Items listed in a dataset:
+-------+

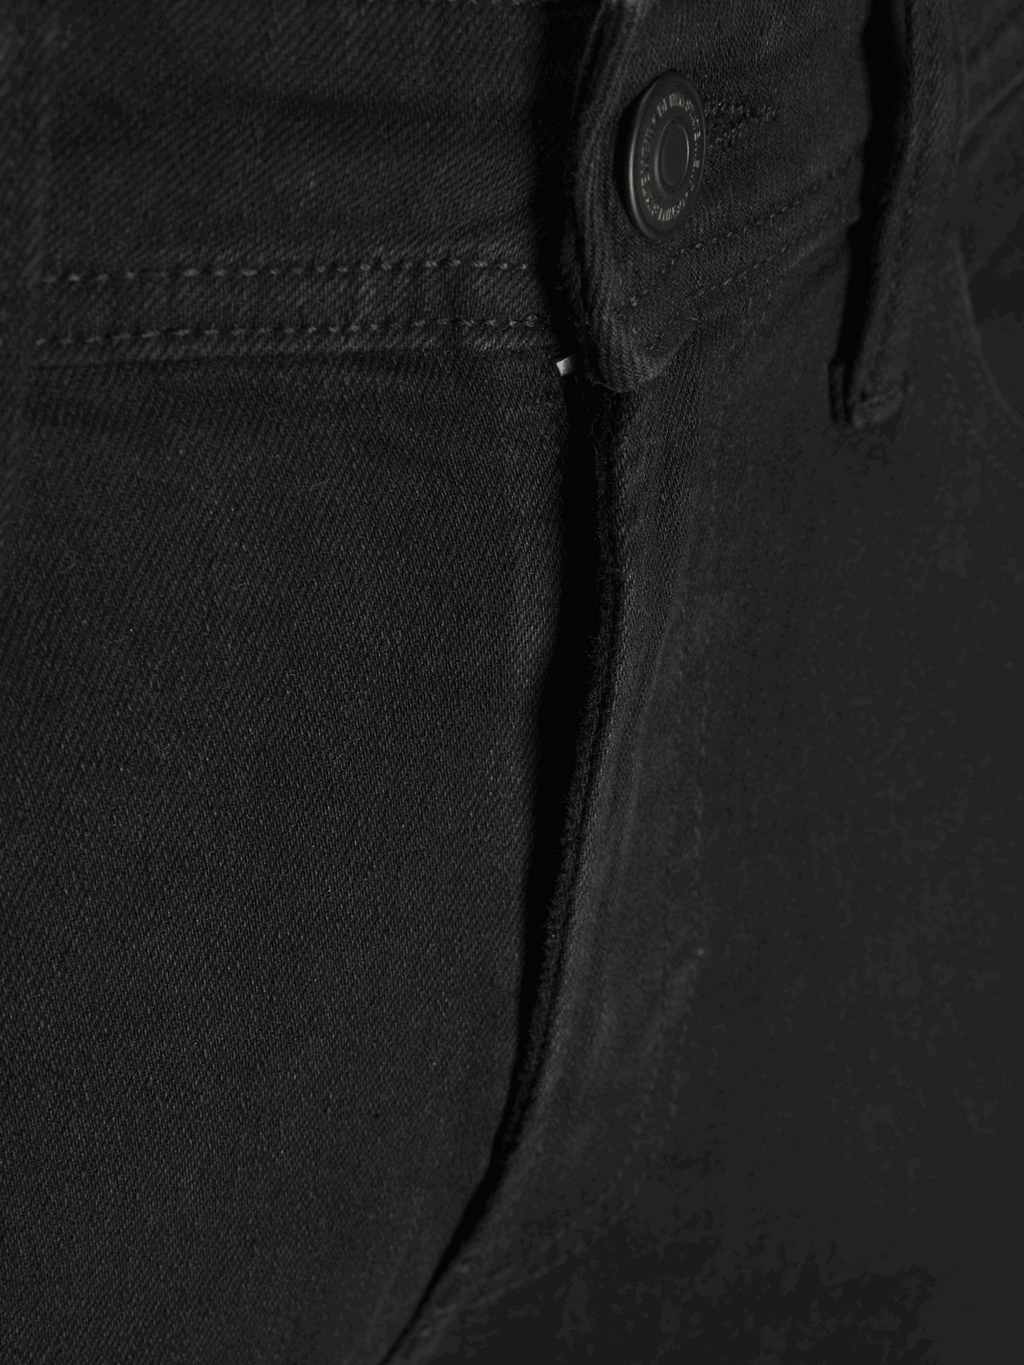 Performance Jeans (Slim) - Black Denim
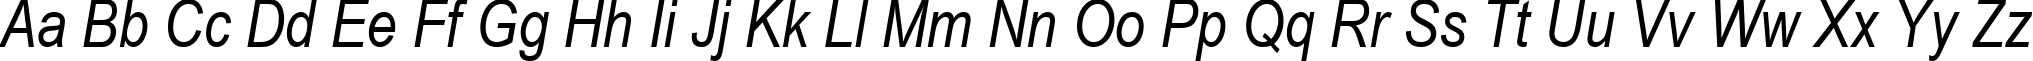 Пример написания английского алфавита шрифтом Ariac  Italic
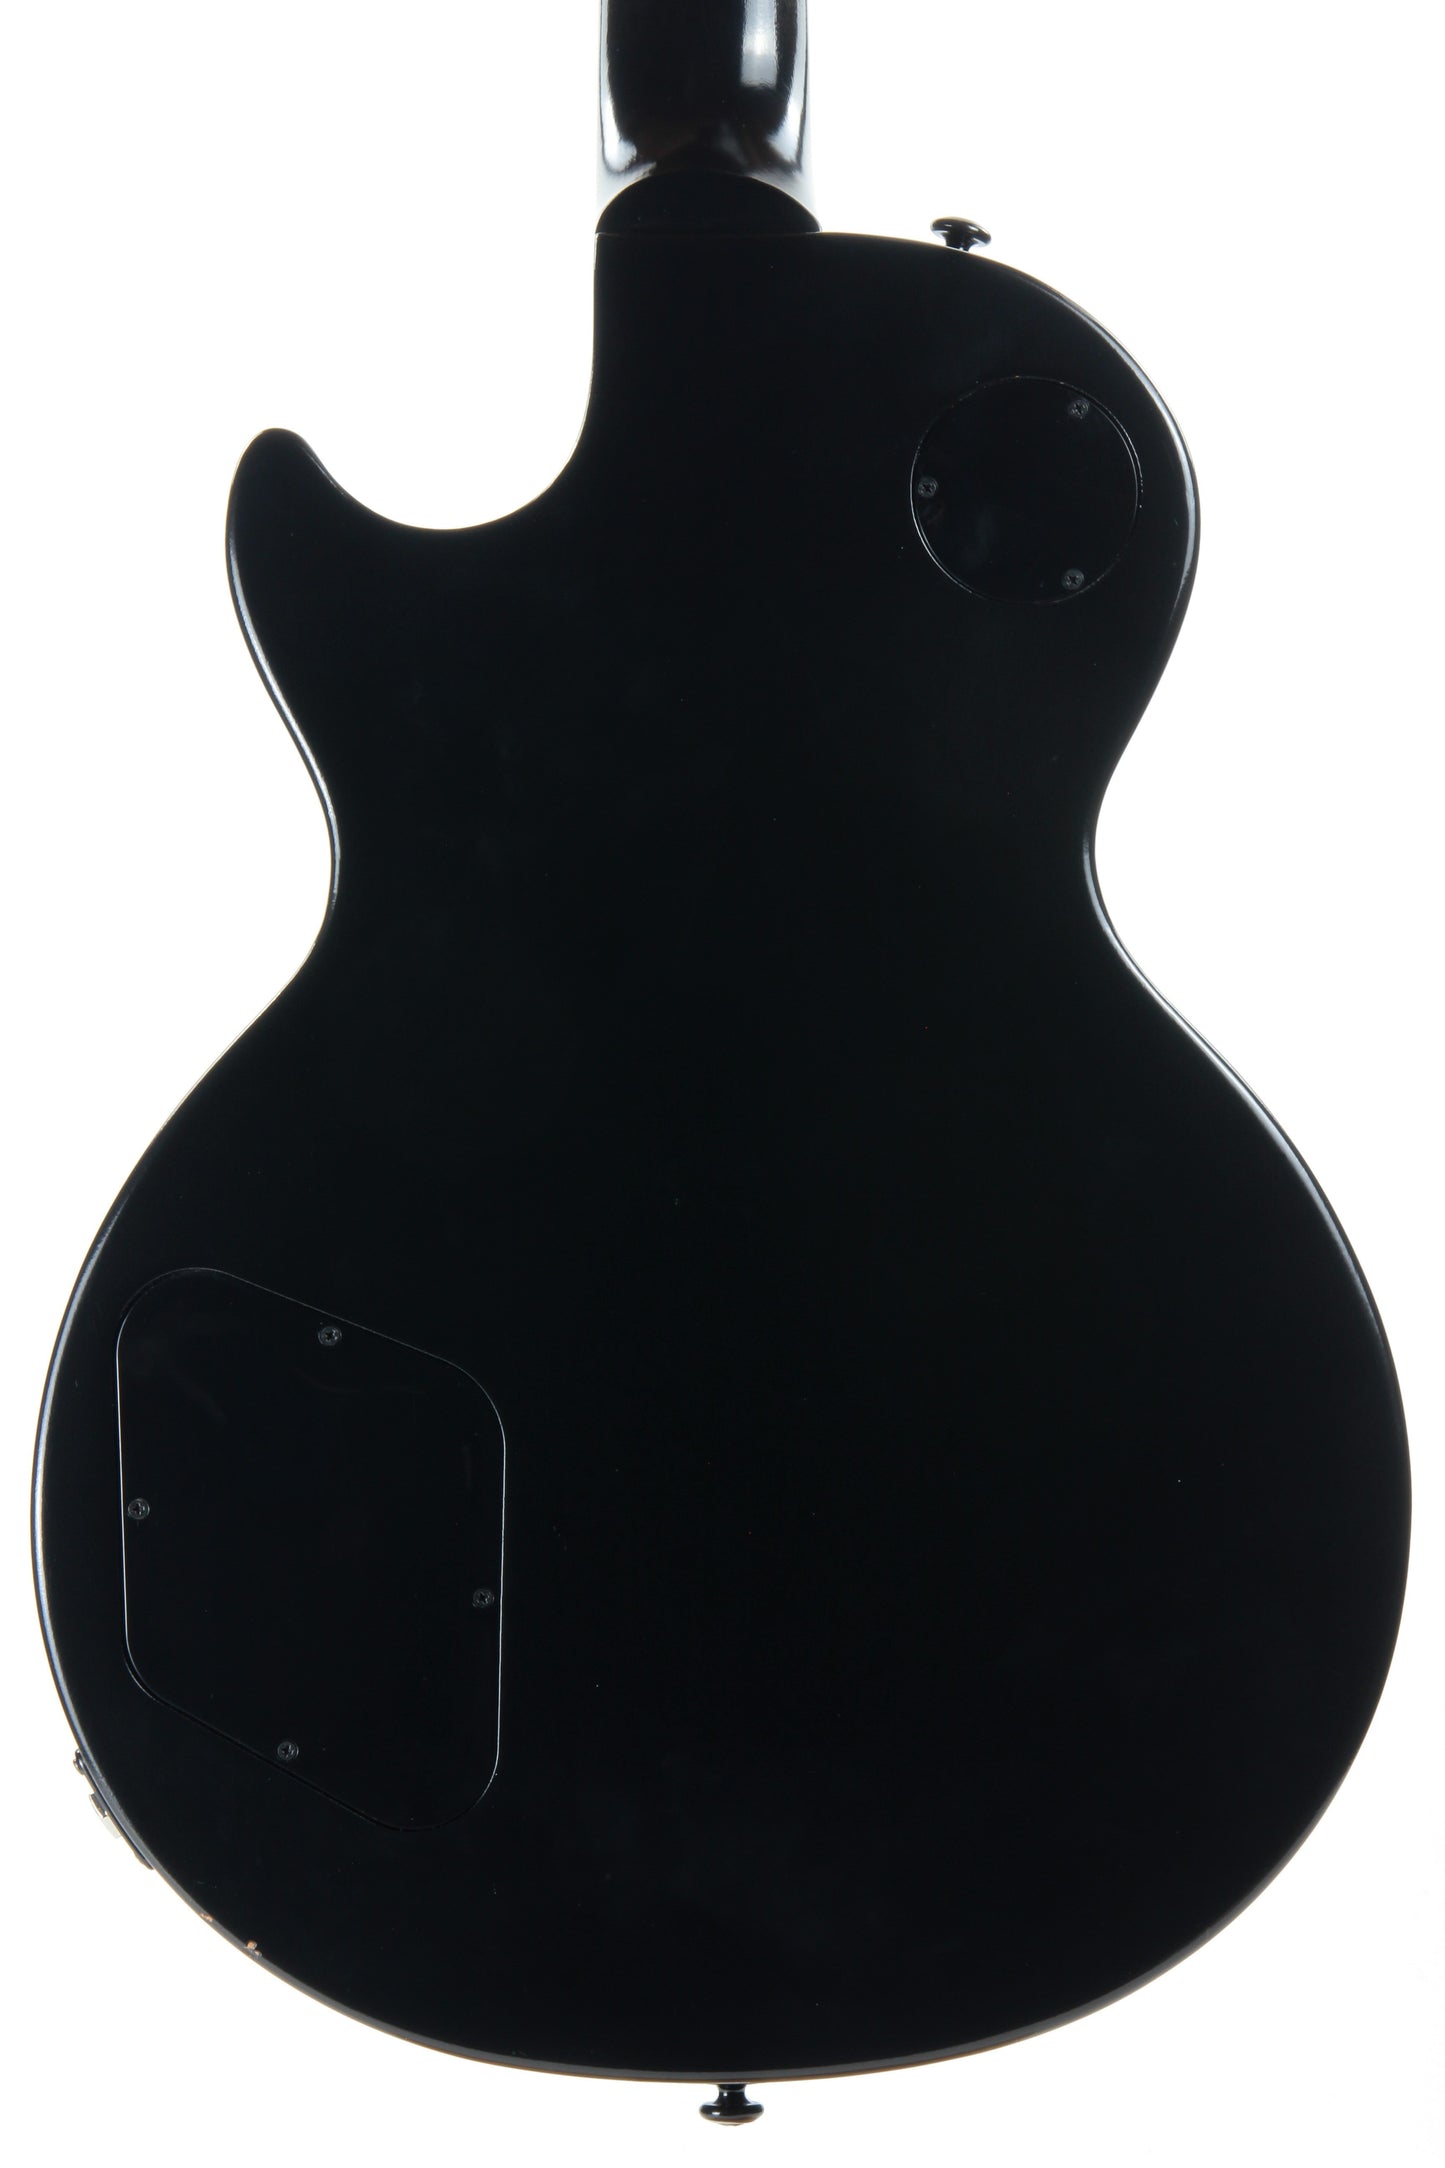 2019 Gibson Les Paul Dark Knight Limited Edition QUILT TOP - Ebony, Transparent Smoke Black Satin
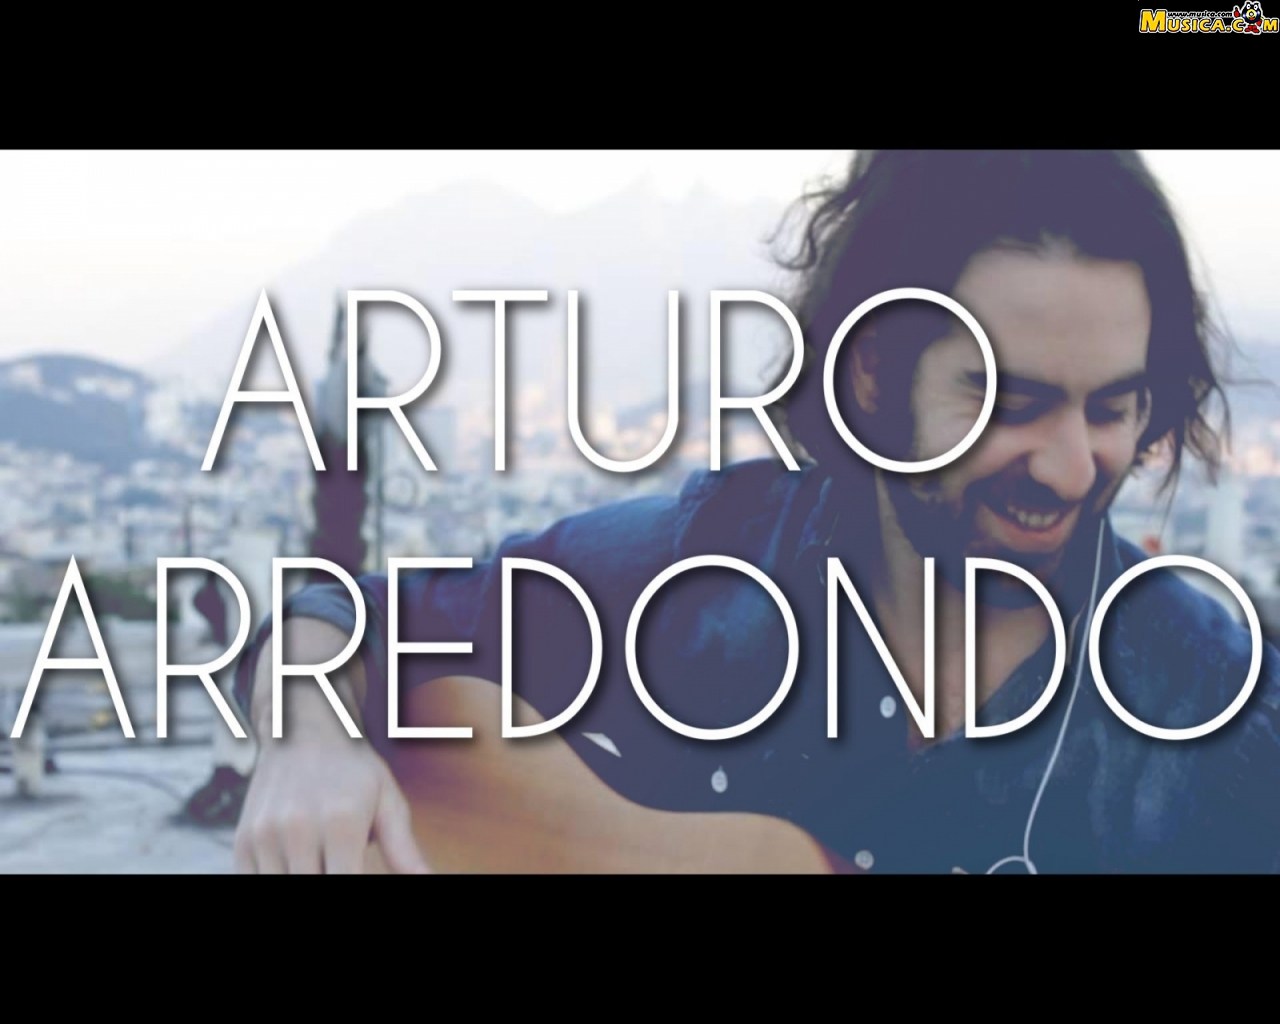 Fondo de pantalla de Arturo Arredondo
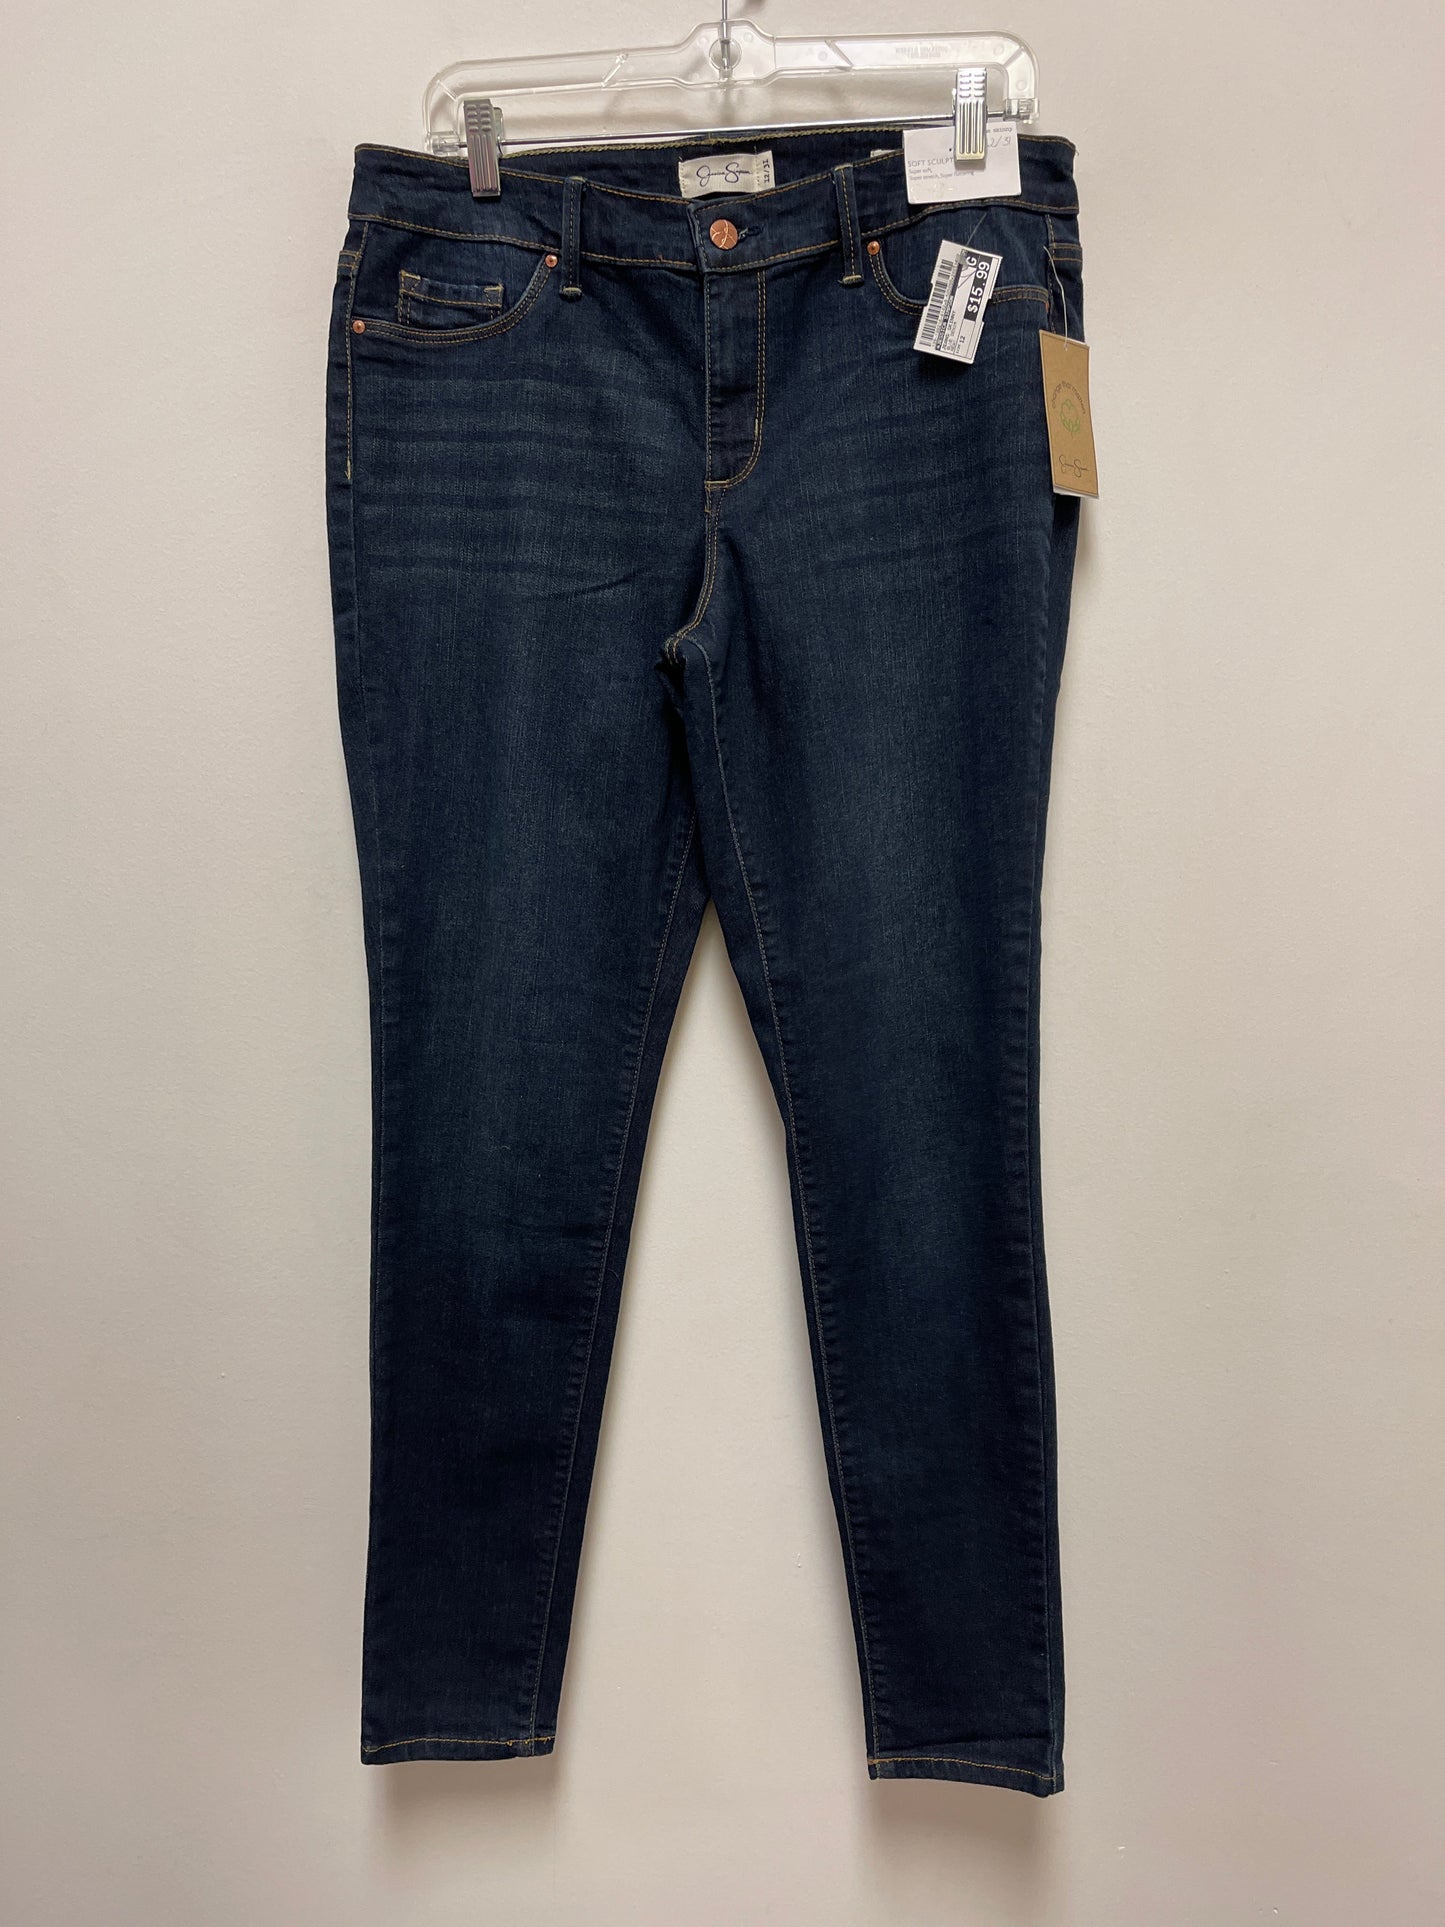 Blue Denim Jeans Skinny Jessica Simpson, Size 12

+-------+

= Exercise goal =
Where an entry holds an image, drop the image and copy the remaining text exactly.

= Solution to the exercise =
 Performance Jeans (Slim) - Black Denim
 Пример написания английского алфавита шрифтом Ariac  Italic
 2019 Gibson Les Paul Dark Knight Limited Edition QUILT TOP - Ebony, Transparent Smoke Black Satin
 Fondo de pantalla de Arturo Arredondo
 Blue Denim Jeans Skinny Jessica Simpson, Size 12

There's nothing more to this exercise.